Similar sentiments are found in George Godwin’s autobiographical 1930 war novel Why Stay We Here? The book concludes with an affirmation of the soldier-as-Christ and holds out hope for an eventual resurrection, but most of the text has a more skeptical tone. When the main character Stephen and his comrade Piers wander over a battlefield where “sixty thousand Frenchmen” were killed earlier in the war, they reflect bitterly on faith. Piers concludes,

Well, personally, I’ve given up speculating about that sort of thing. I don’t know, and I don’t much care whether there’s a God or no. This place is enough evidence that He returns the compliment. If He exists at all, then He must be an impersonal God who doesn’t care a hoot about mankind.

Stephen concurs, “Exactly what I feel lately.” The two contemptuously discuss the unquestioning faith of their commanding officer, Major MacDonald, who, in their opinion, kept his Presbyterian God locked up safely in one section of a compartmentalized mind. When the Major holds a church service, Stephen thinks about the fact that the Germans were also holding them and silently rages, “The idiocy of having church parades, religious ceremonies, on active service. The absurdity of it! The damnable hollow sham of it! … What a pain it did give you in the fundamental. Was God going to take sides in this filthy business? It was rank blasphemy.” Similarly, in his 1919 memoir, Canadian sergeant L. McLeod Gould recalled that “Church Parades on active service, especially when called in the Forward Area, were the grimmest and ghastliest of Service jokes, and were provocative of more blasphemy and discontent than any active operation.”[12]

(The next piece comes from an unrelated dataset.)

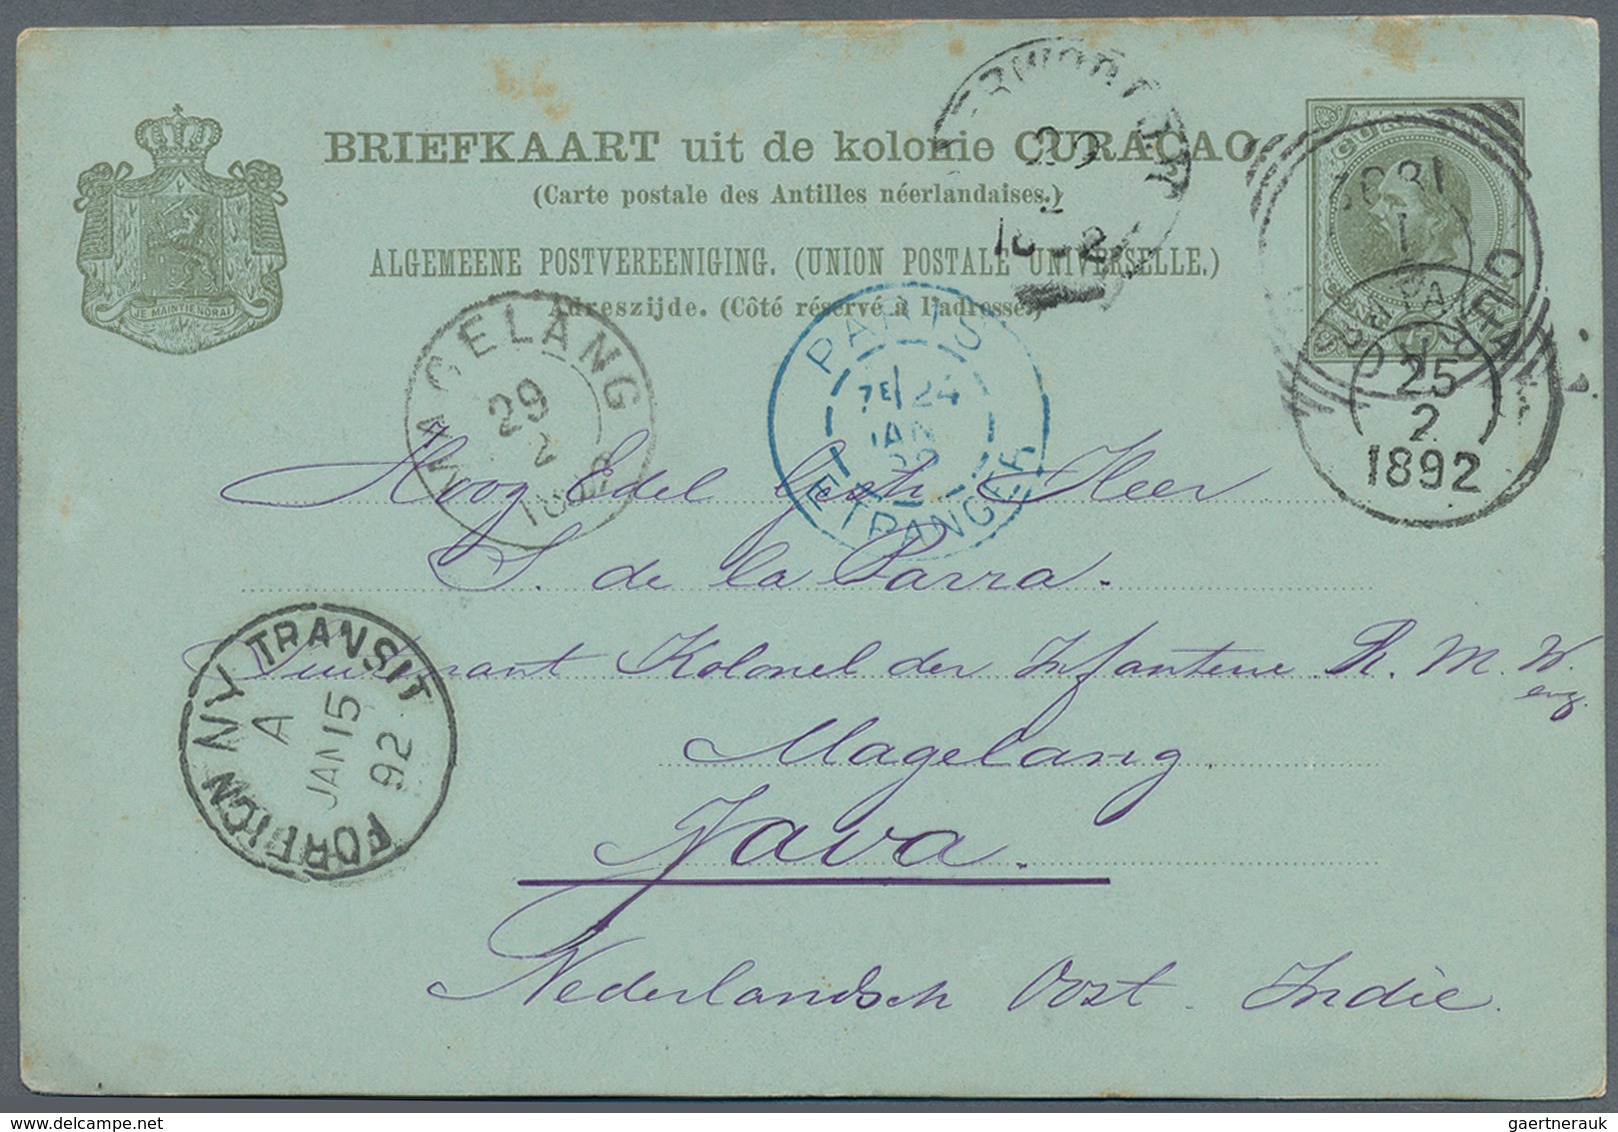 Curacao: 1891. Curacao Postal Stationery Card 7½c Olive Cancelled By Curacao Squared Circle '6th Jan - Curaçao, Nederlandse Antillen, Aruba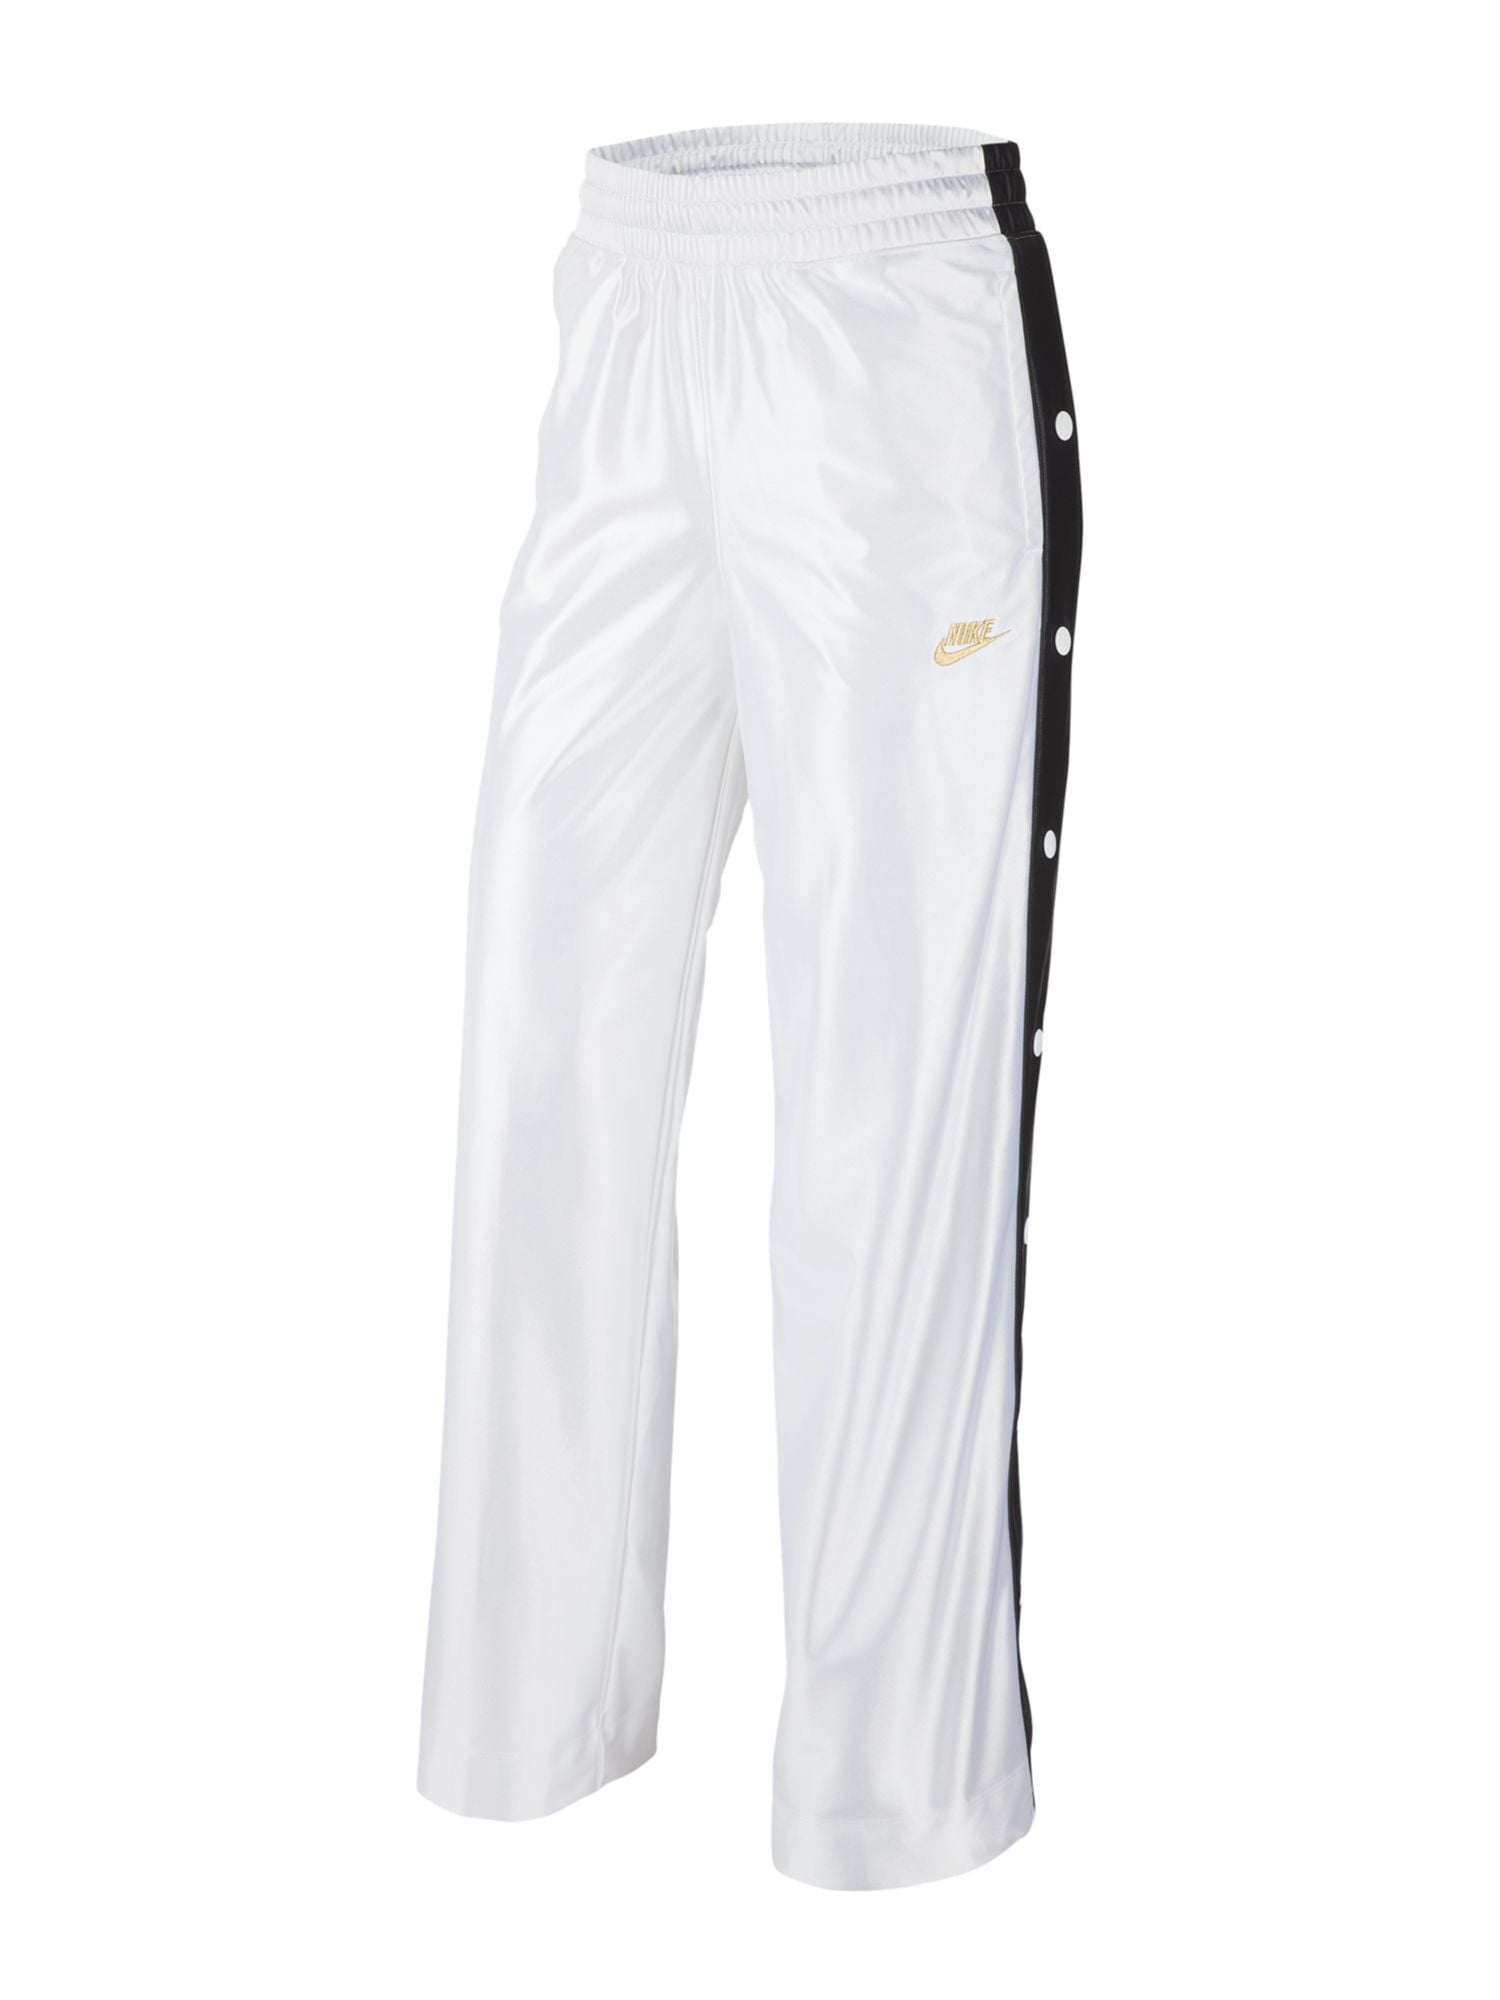 NIKE Womens White Snapped Up Legs Color Block Active Wear Pants Size: XL

Walter Redvers Dent’s 1930 anti-war novel, Show Me Death! is even more harsh in its treatment of faith. The book is based on Dent’s own wartime experiences and follows a soldier from Toronto named Lionel Thor. After a series of horrific experiences and injuries, Thor begins to see God as a “malignant being” that is deliberately tormenting him.[13] He begins to curse this loathsome God regularly and methodically, an inverted form of prayer. After losing a leg and being terribly disfigured, Thor thinks with grim satisfaction that he has survived the worst God can do to him. All that remains is death, which would be a relief, not a punishment. When Thor returns to Toronto his mother collapses and dies after seeing his injuries. The experience of war has transmuted the idea of a kind, providential God into something malevolent and demonic.[14] In the concluding chapter Thor rather suddenly makes his peace with God, after hating him for much of the book. He comes to see the Deity as good but not omnipotent, having given up some of his power when he chose to create the world and give humans free will. This theodicy, not uncommon today, would have been viewed as heretical by many contemporary Christians.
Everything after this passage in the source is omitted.